# Place to leave car keys in Dublin Airport



## Ruam (7 Jul 2008)

I have to leave our car in the airport and someone else will be picking it up.  Is there a place where I can leave the keys?

Thanks

Ruam


----------



## ClubMan (7 Jul 2008)

If you're stuck then you could maybe parcel them up and post them to the other party from the airport.


----------



## Ruam (7 Jul 2008)

ClubMan said:


> If you're stuck then you could maybe parcel them up and post them to the other party from the airport.



Can't do that as the people collecting the car are coming from France on the day we fly out to France.  

Ruam


----------



## Graham_07 (7 Jul 2008)

Would using one of those magnetic key safe things you can attach to car underbody work ? Think you can get them in auto factors.


----------



## TonyR (7 Jul 2008)

There is a place you can leave keys etc. Its on the arrivals level of the short term carpark - on the left as you come out from the terminal. You might want to check opening hours as I think it doesn't open till 7am.
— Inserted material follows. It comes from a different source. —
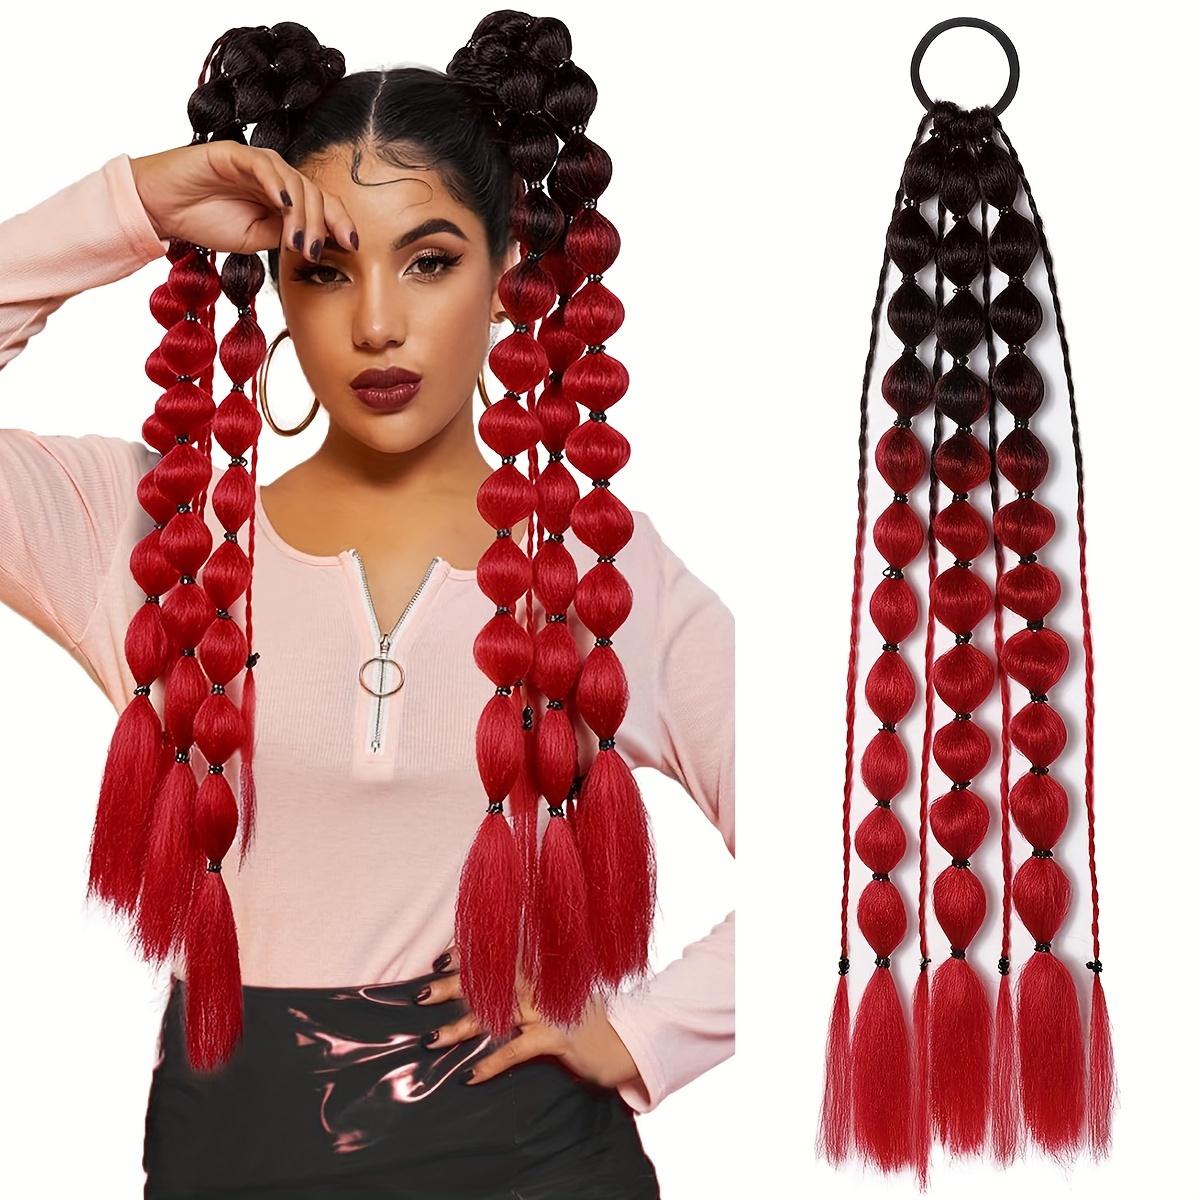 

24\" Lightweight Colored Hair Extensions For Bubble Ponytail Extension With Hair Tie - Ombre Crazy Hair Day Accessories For Girls - Suitable For Edc Festival Rave

Think they charge a couple of euros to hold items for collection.


----------



## ClubMan (7 Jul 2008)

See here:


> *Left Luggage
> 
> *A left luggage facility is available in the Car Park Atrium, directly across the road from the Terminal, for short and long term storage of luggage.
> The facility is open from 06.00 to 23.00 daily and rates vary depending on the size of baggage. The Greencaps porterage service is available in the Departure and Arrival Areas to assist passengers with their baggage.
> ...


----------



## Ruam (7 Jul 2008)

Thanks everyone, your help as always is appreciated.

Ruam


----------